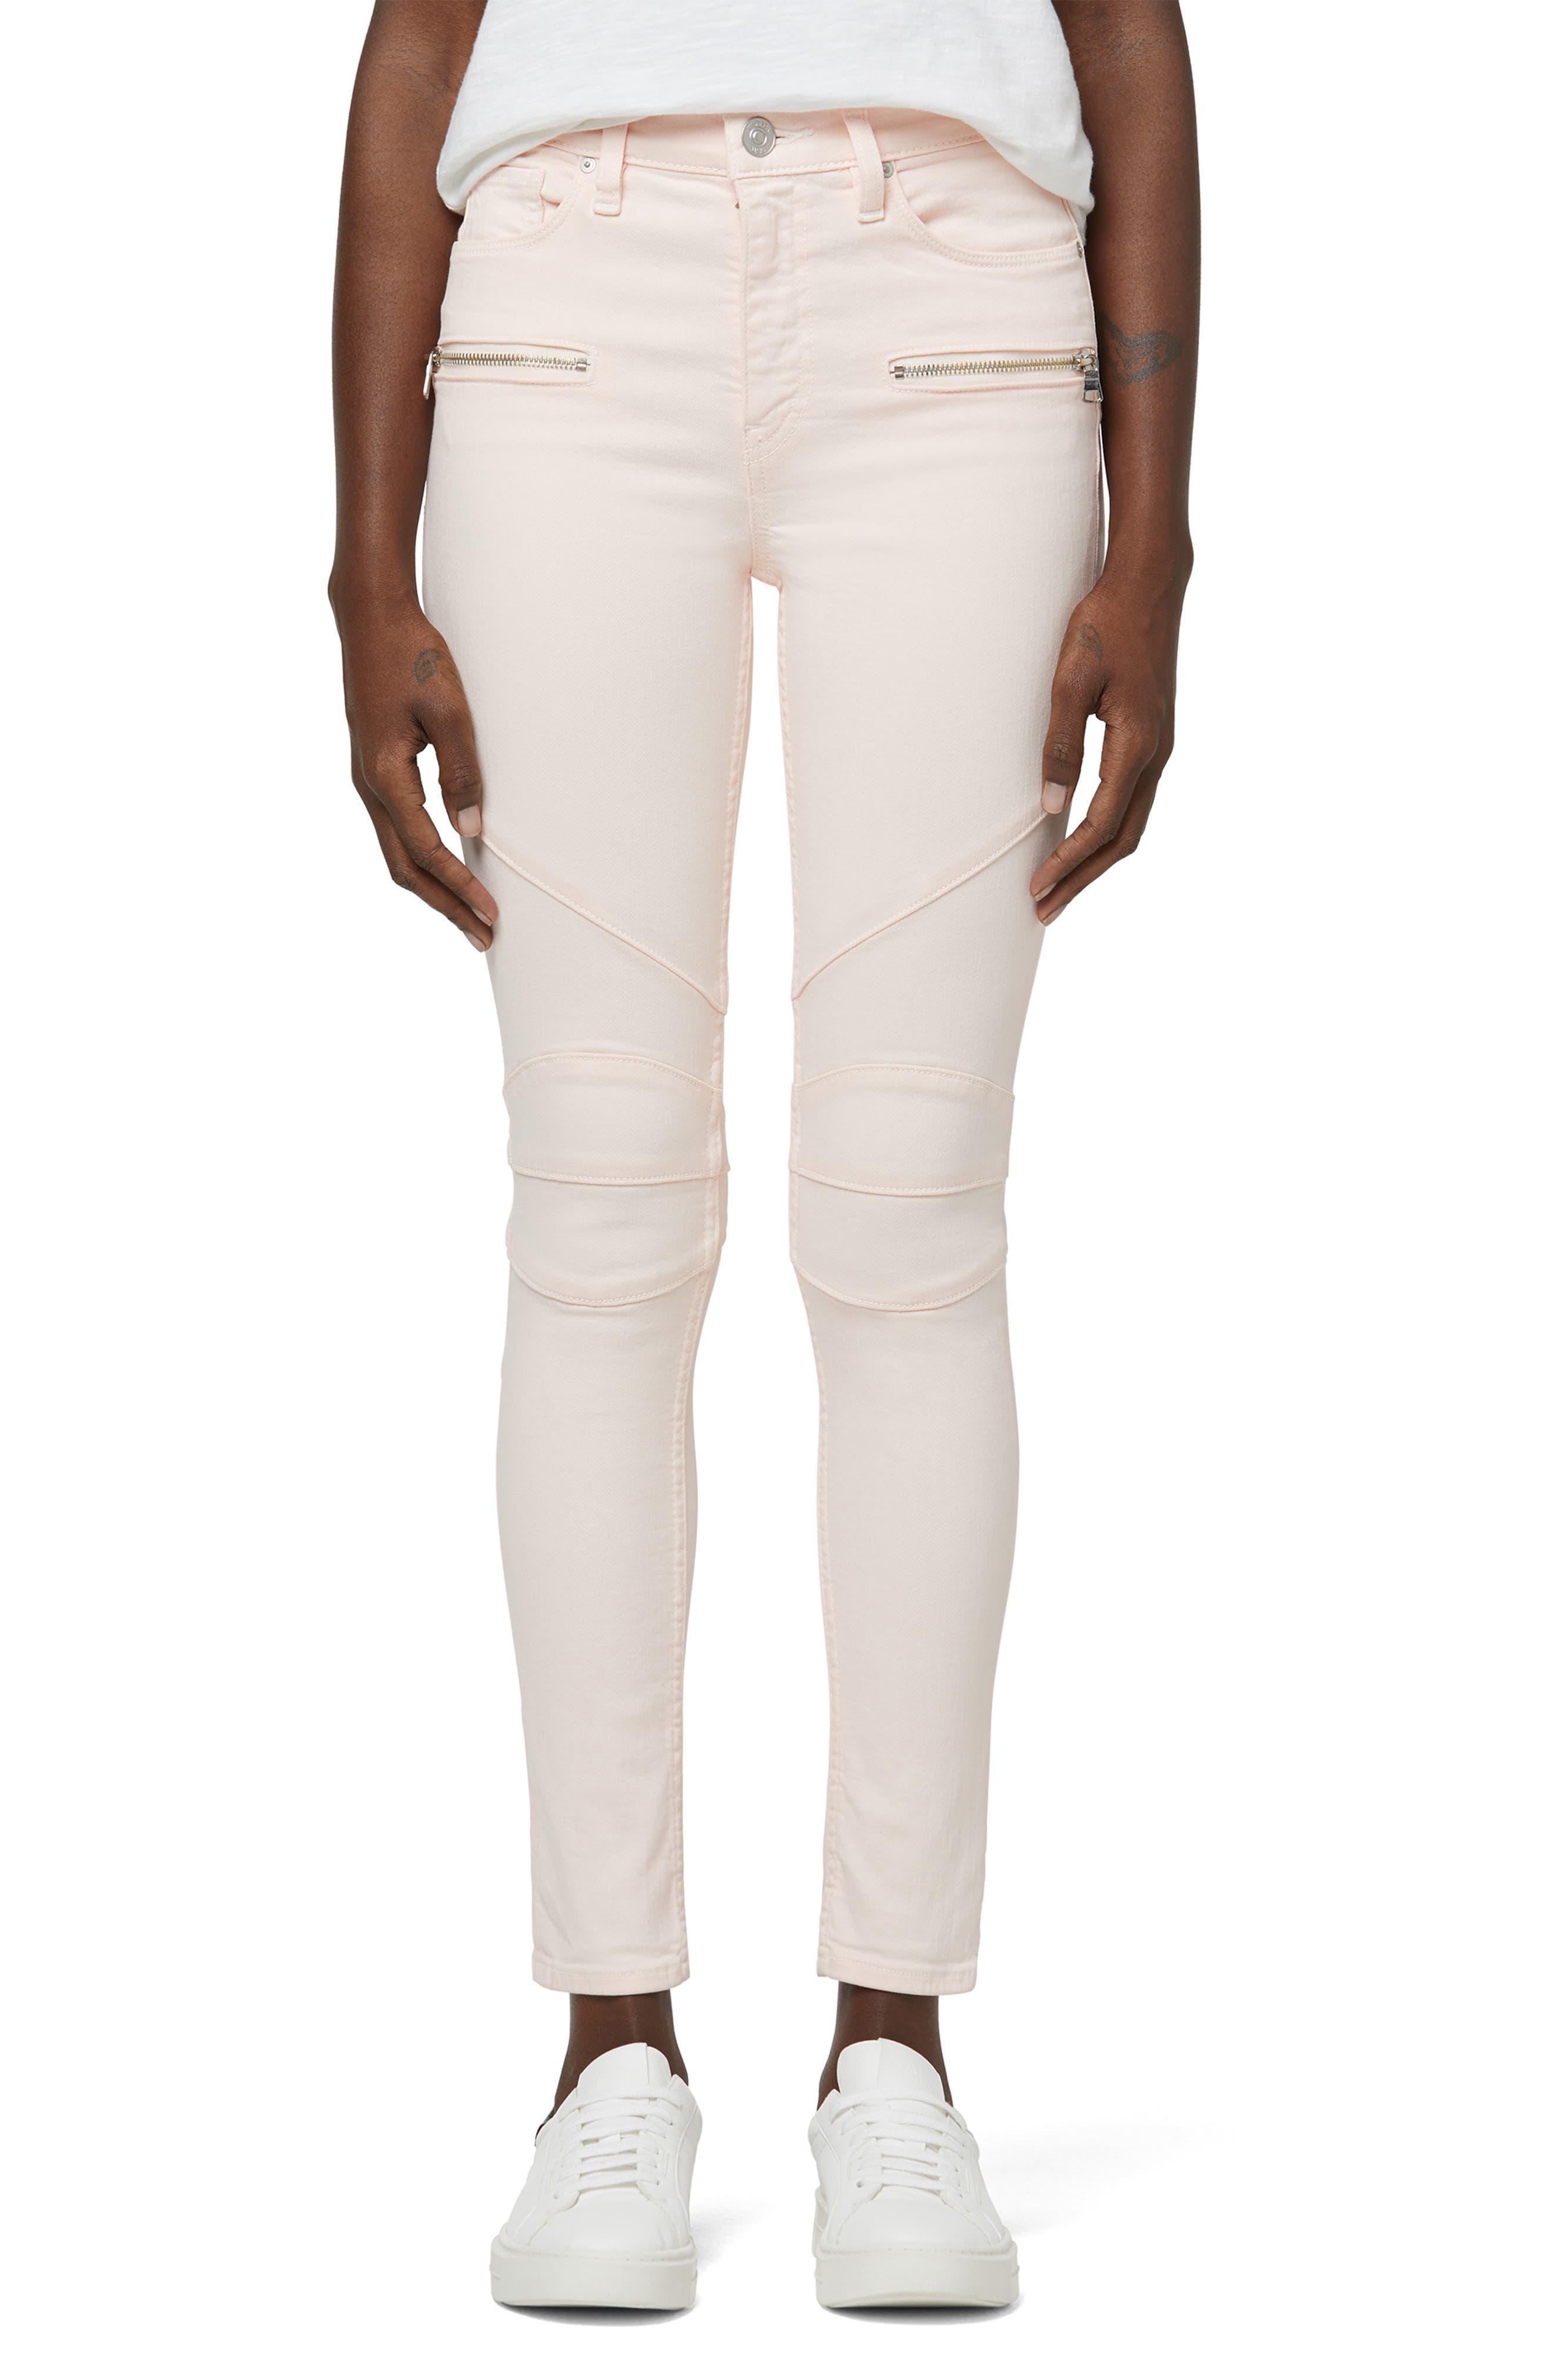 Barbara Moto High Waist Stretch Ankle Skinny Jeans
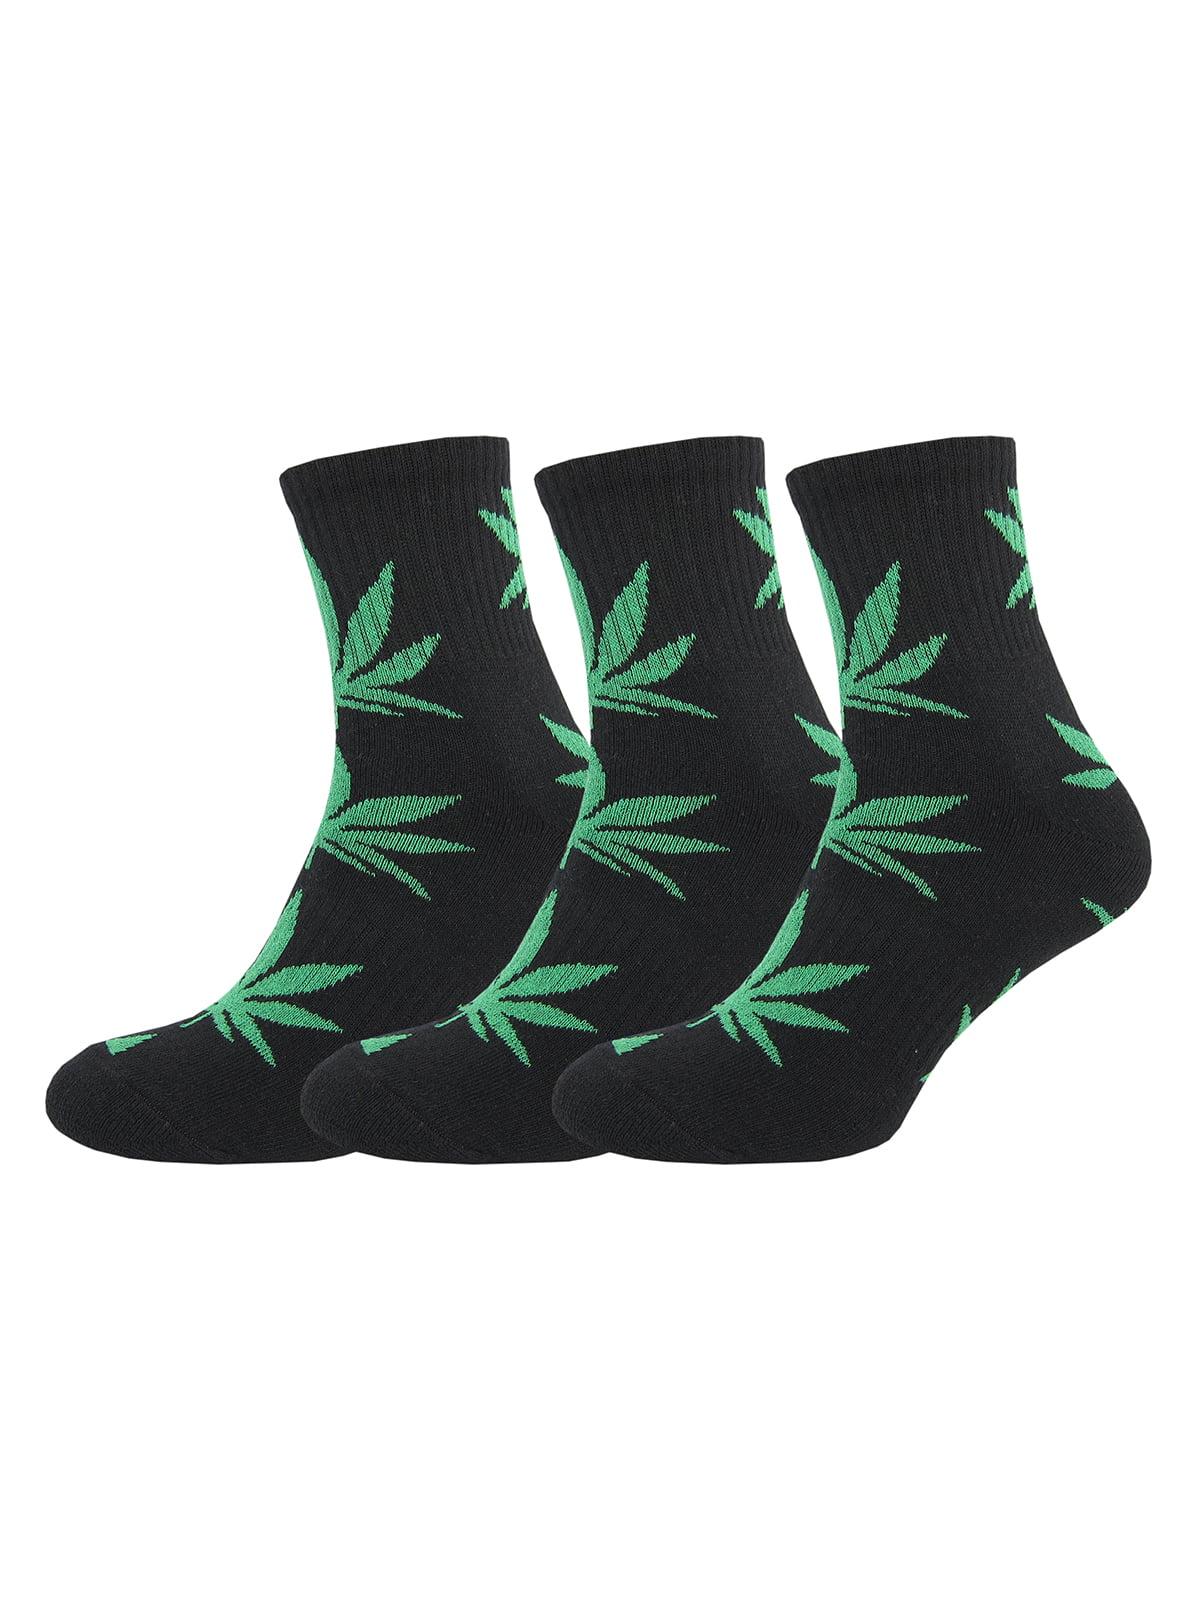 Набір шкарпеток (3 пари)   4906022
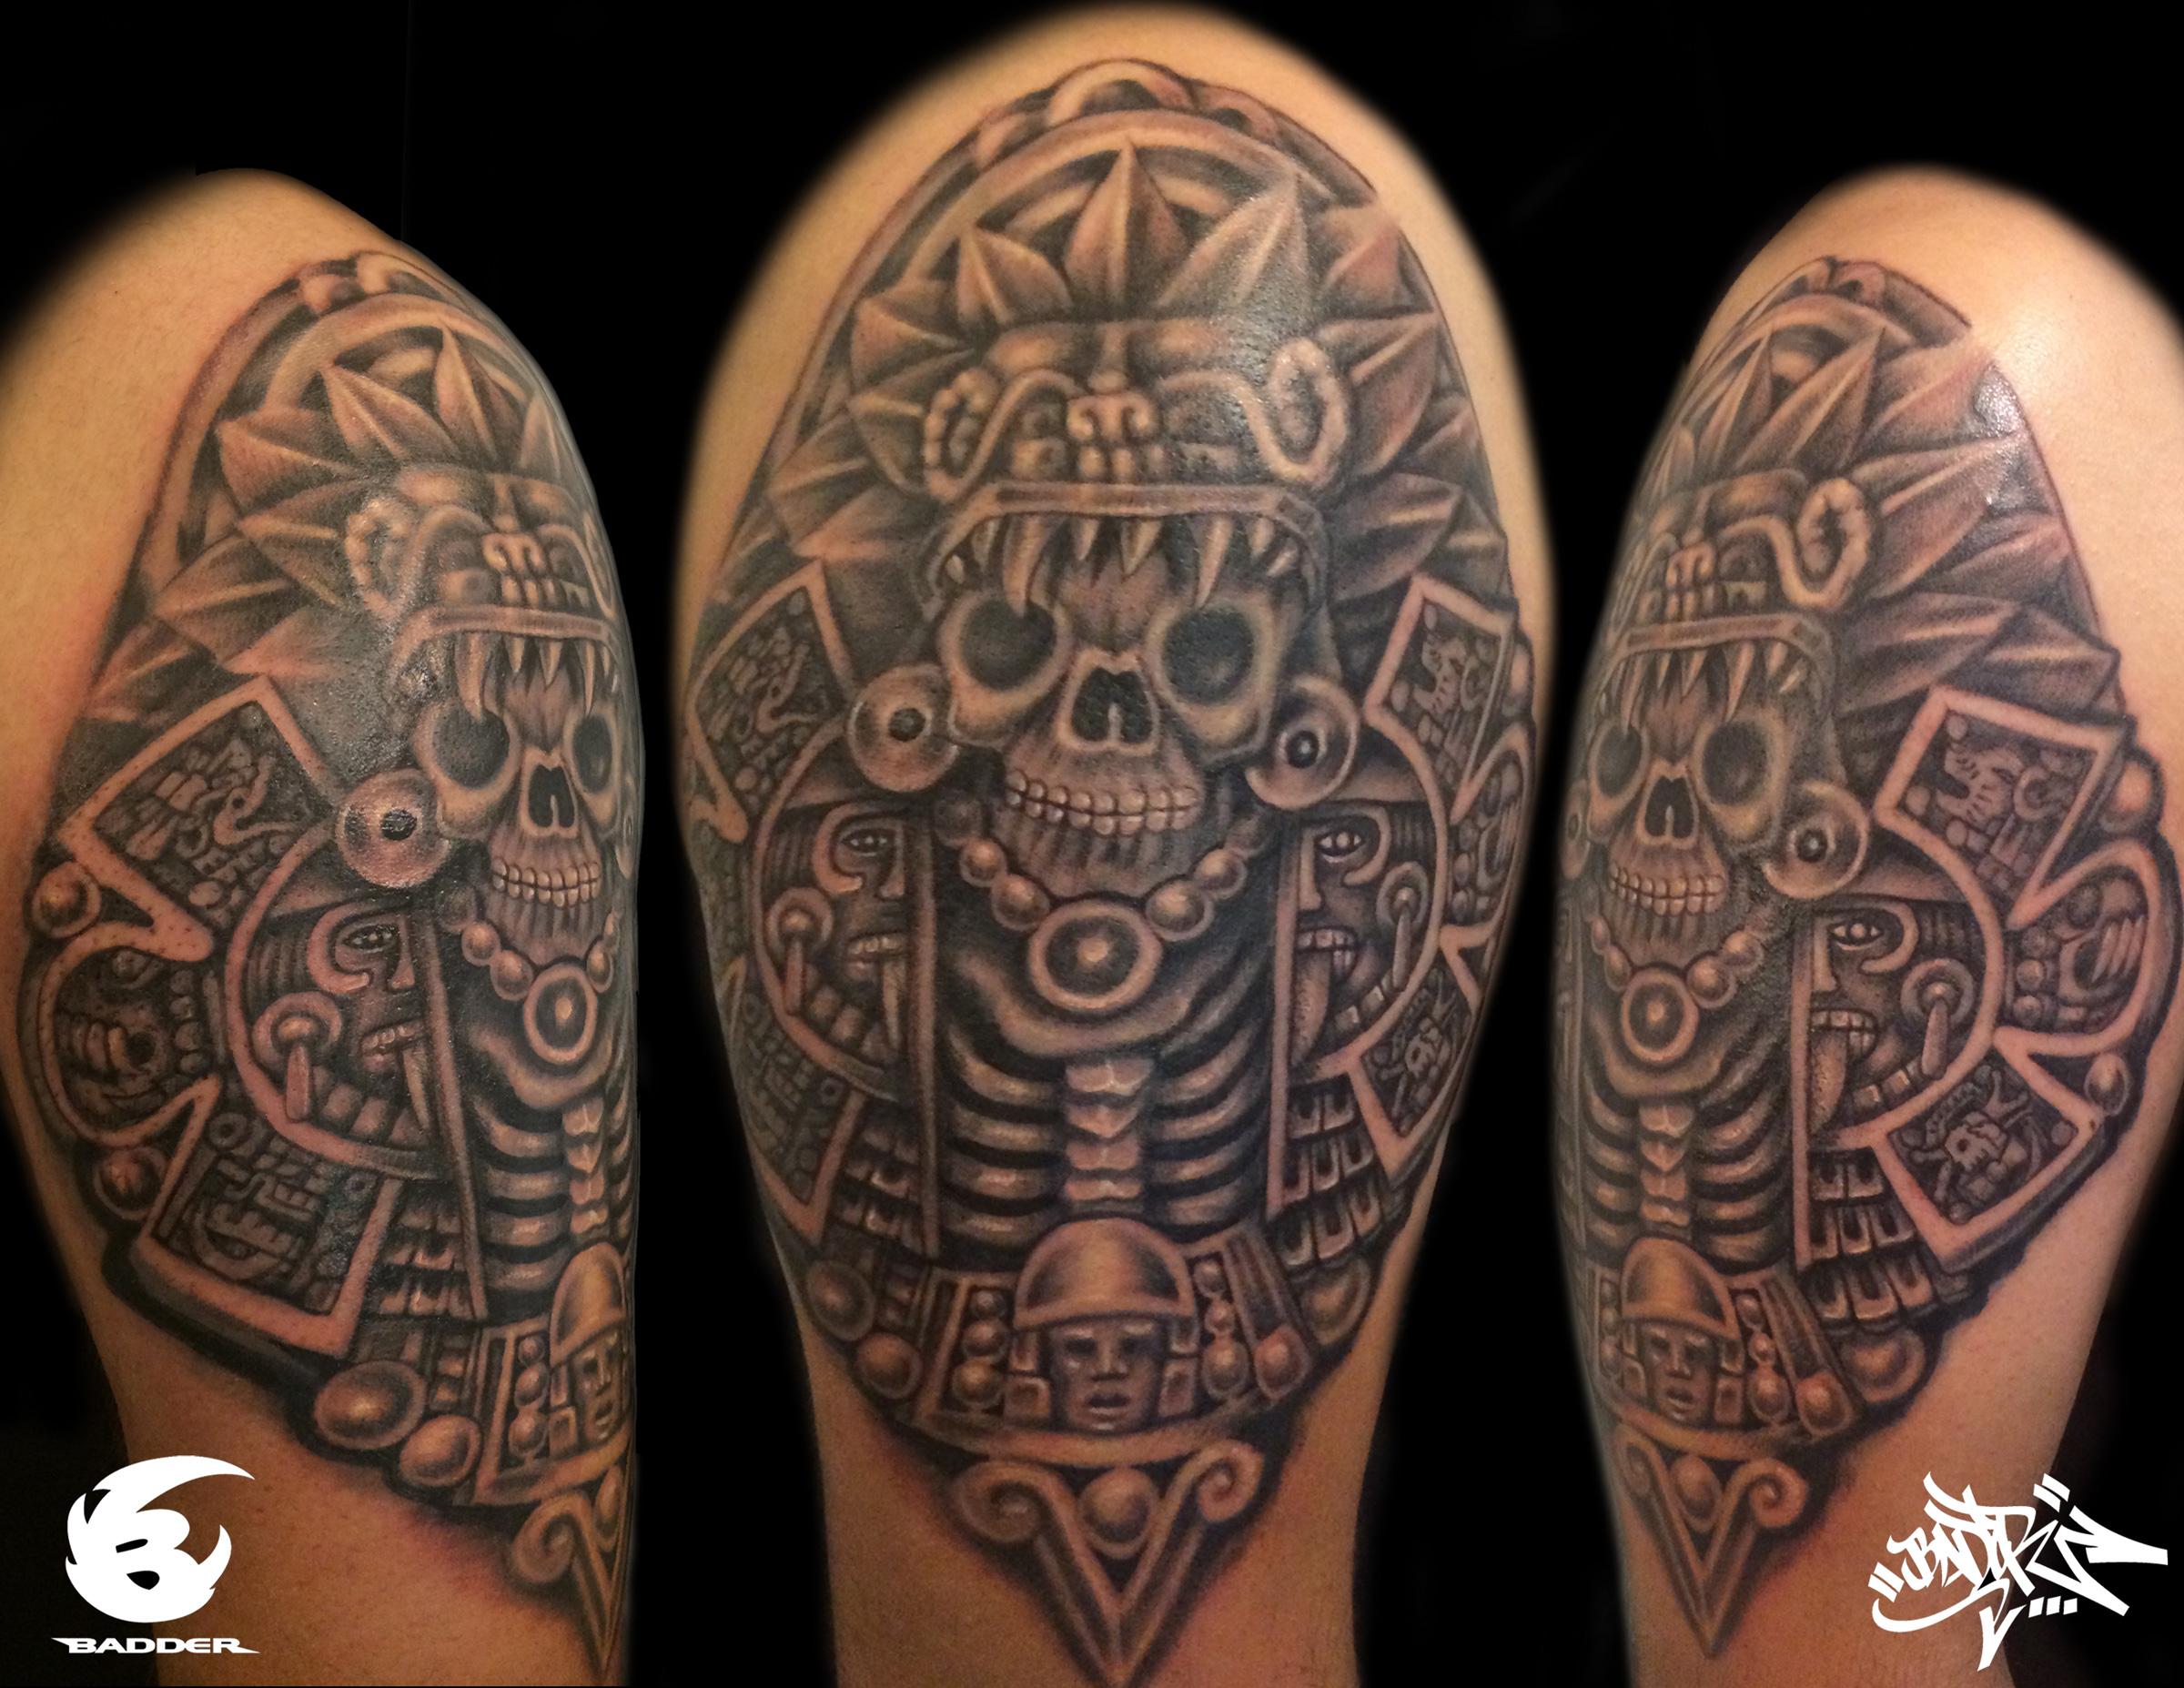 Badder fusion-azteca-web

====

» Work instructions: Write out the whole listing verbatim, images excluded.

» Exercise answer:
 Barbara Moto High Waist Stretch Ankle Skinny Jeans
 Набір шкарпеток (3 пари)   4906022
 Badder fusion-azteca-web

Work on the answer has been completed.